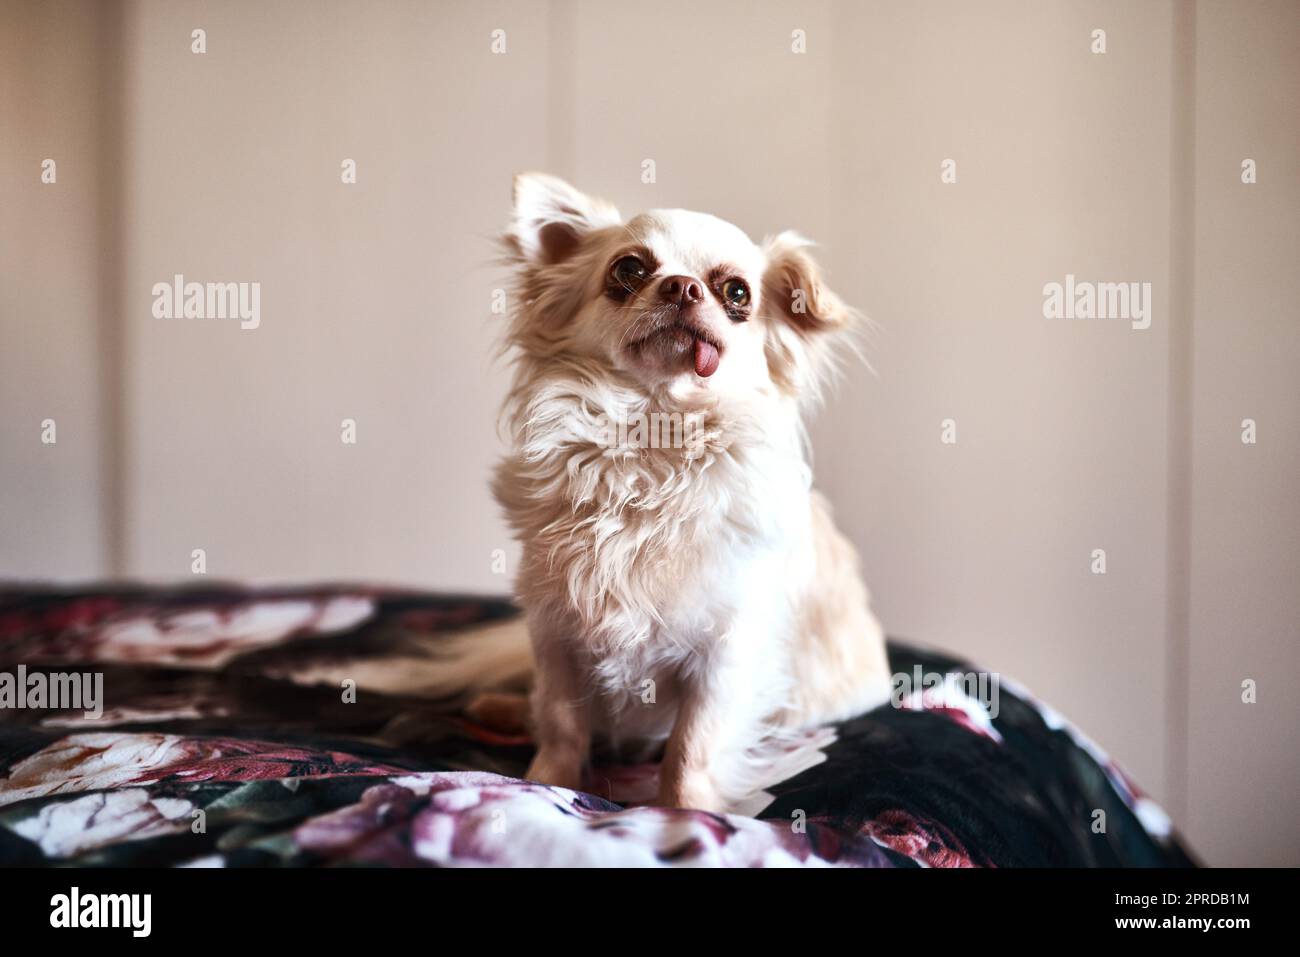 I make the rules around here. an adorable dog sitting on the bed. Stock Photo
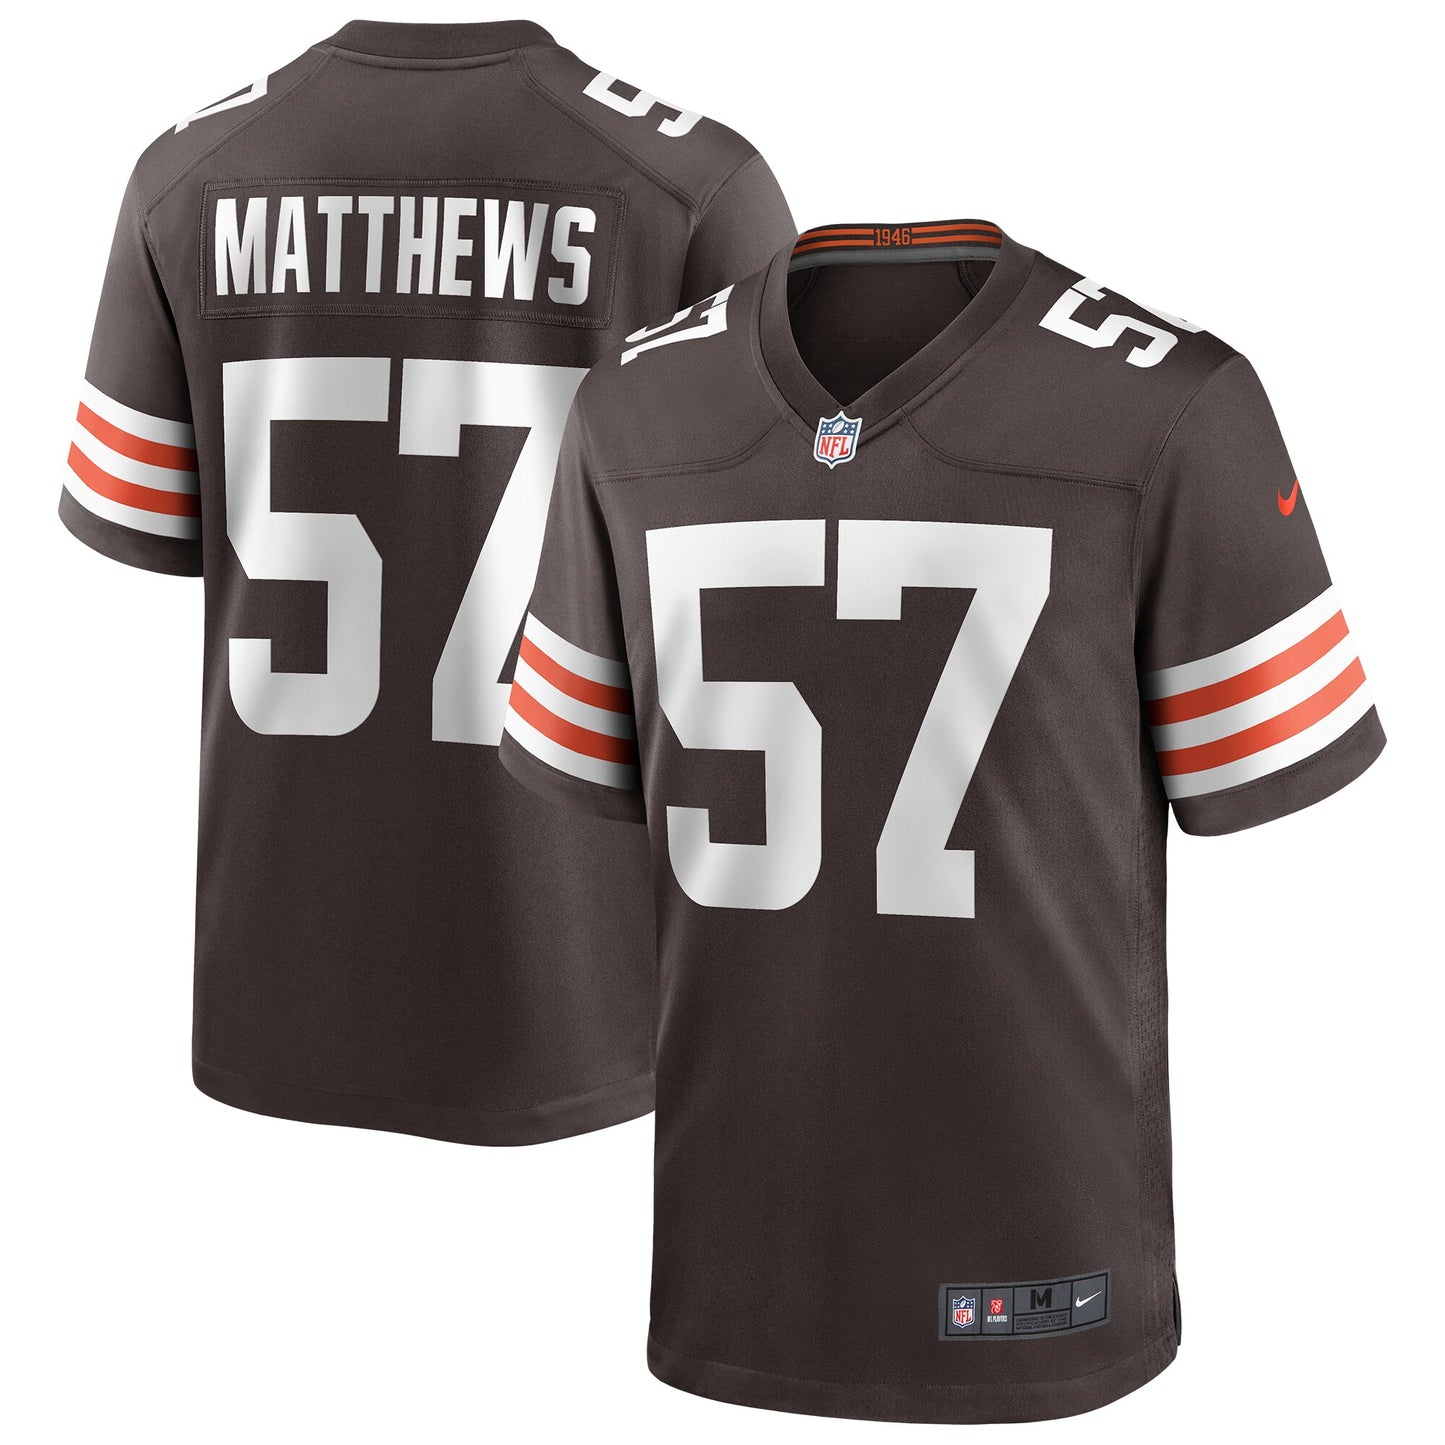 Clay Matthews Cleveland Browns Nike Game Retired Player Jersey - Brown
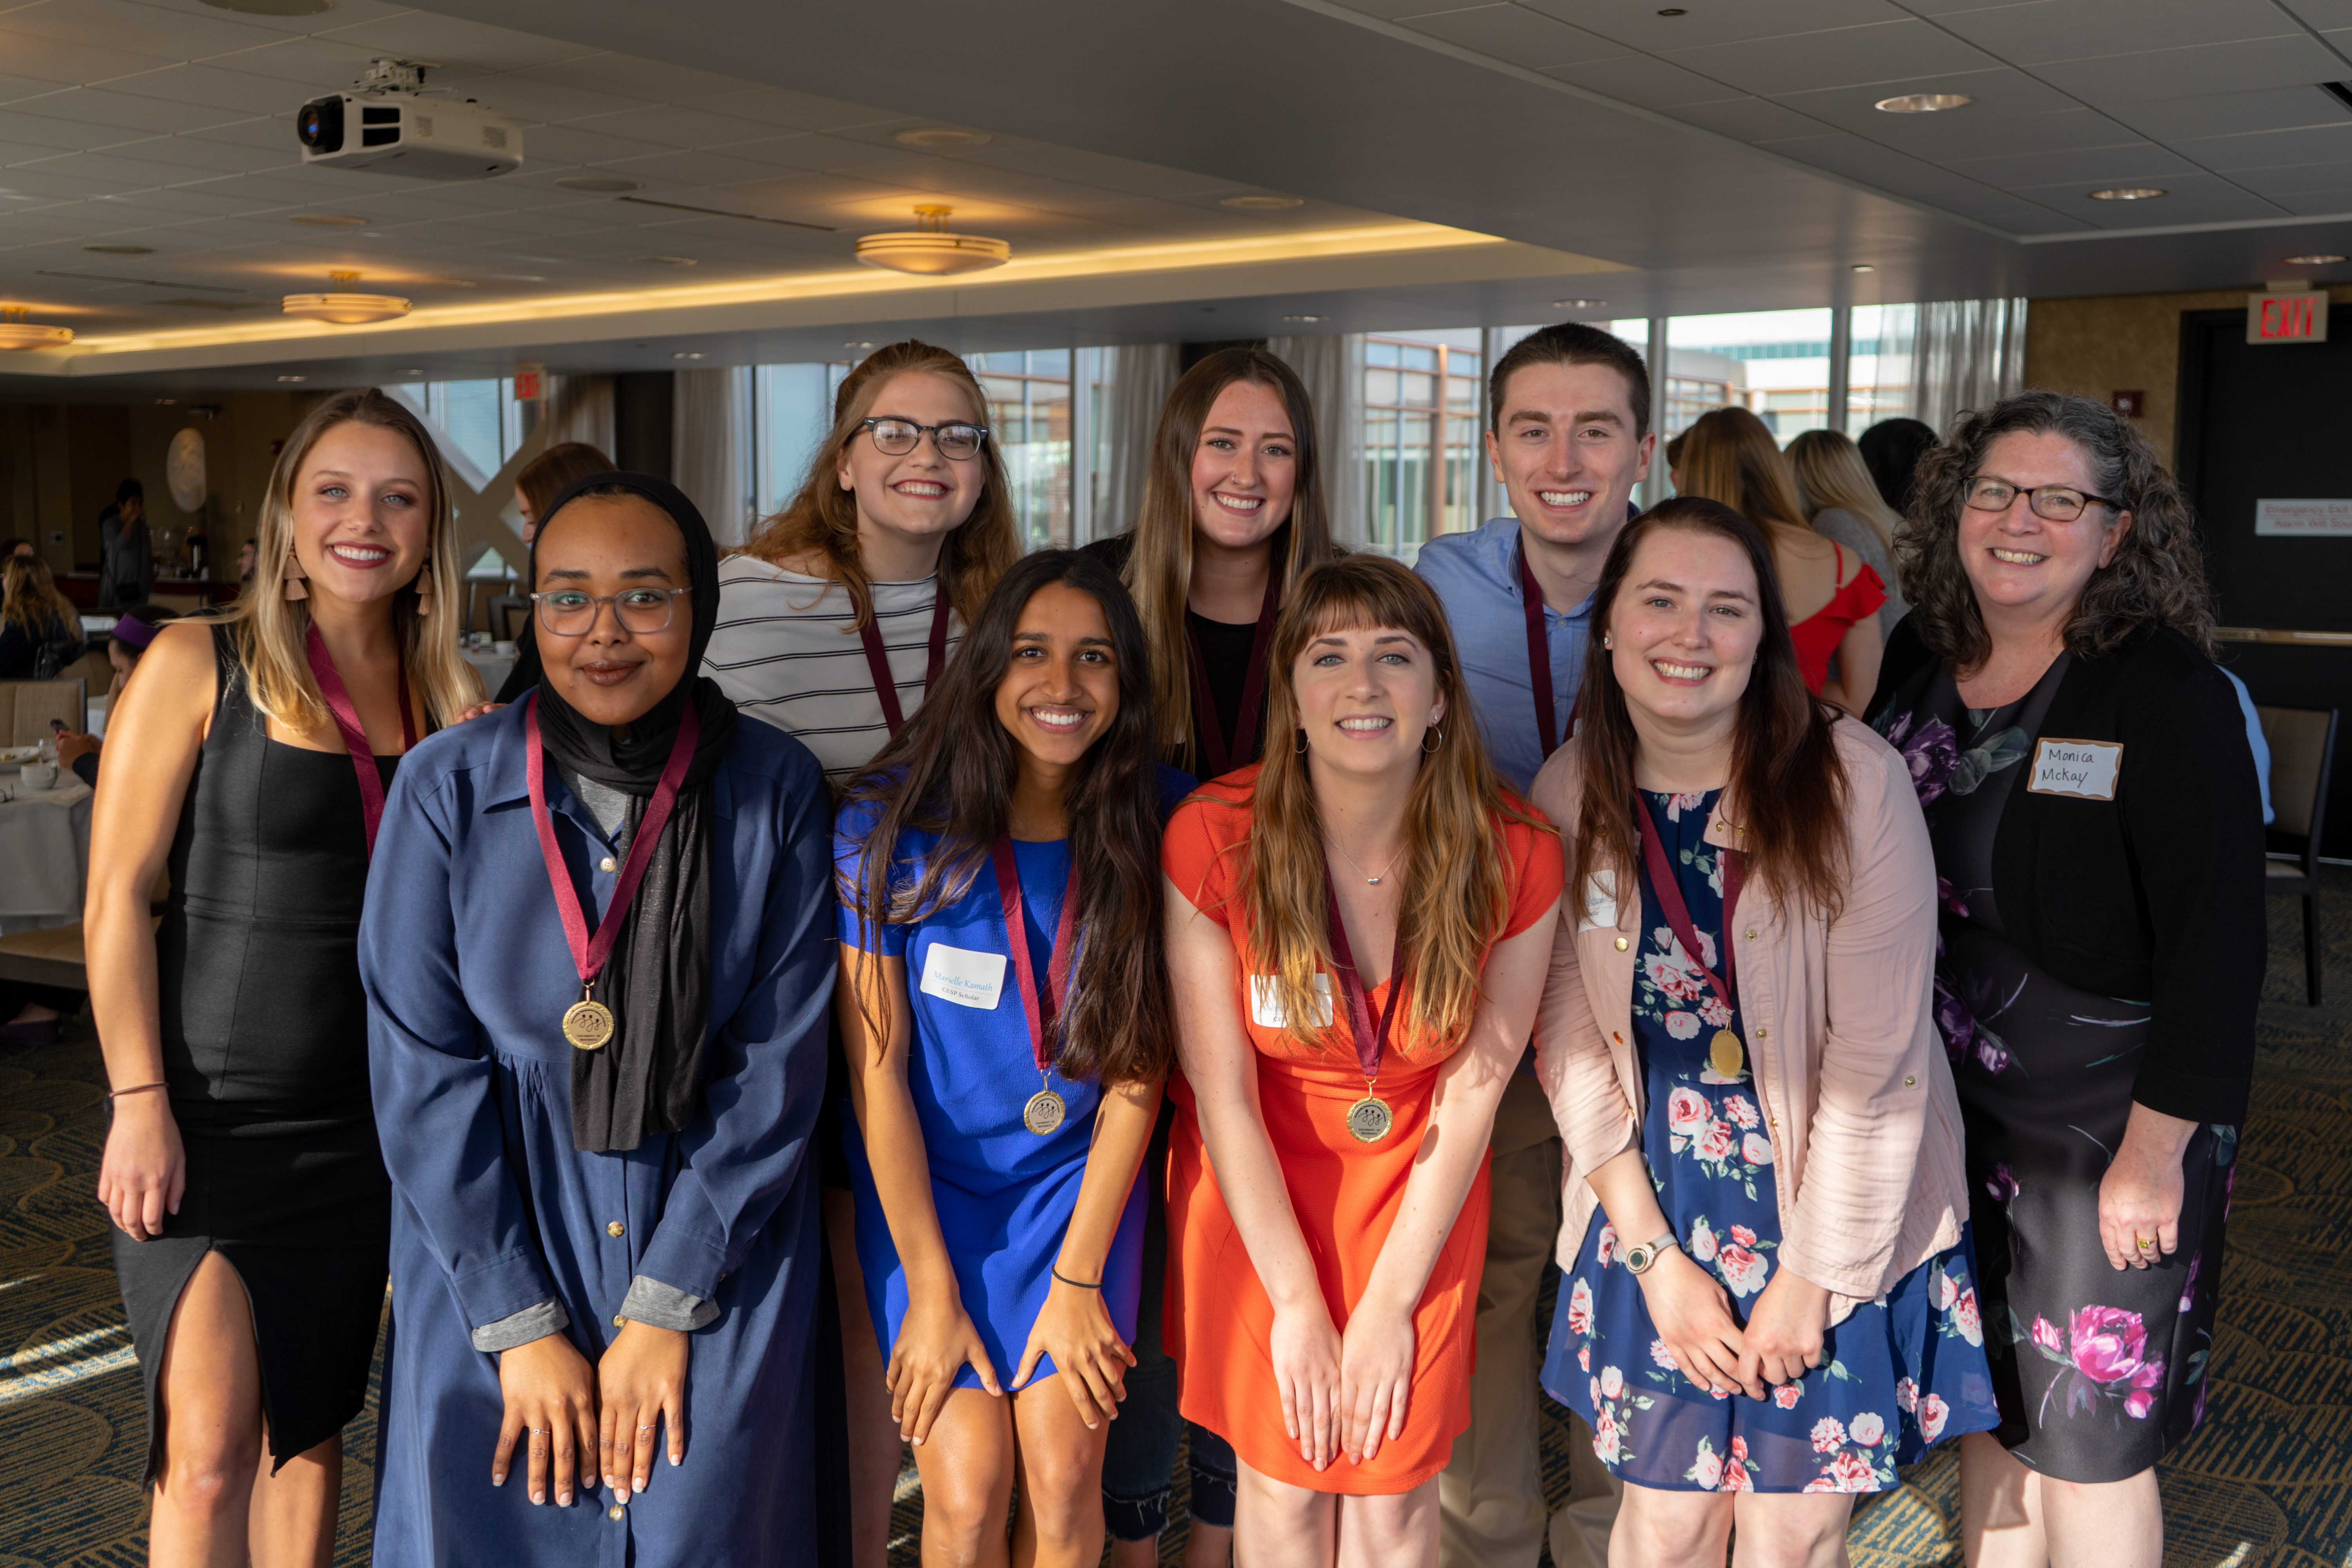 Reception photo of scholars wearing medals

========================================================================

[Problem statement]: From the first line to the last, retype the data exactly, without images.

[Reply to the task]:
 I make the rules around here. an adorable dog sitting on the bed. Stock Photo
 Clay Matthews Cleveland Browns Nike Game Retired Player Jersey - Brown
 Reception photo of scholars wearing medals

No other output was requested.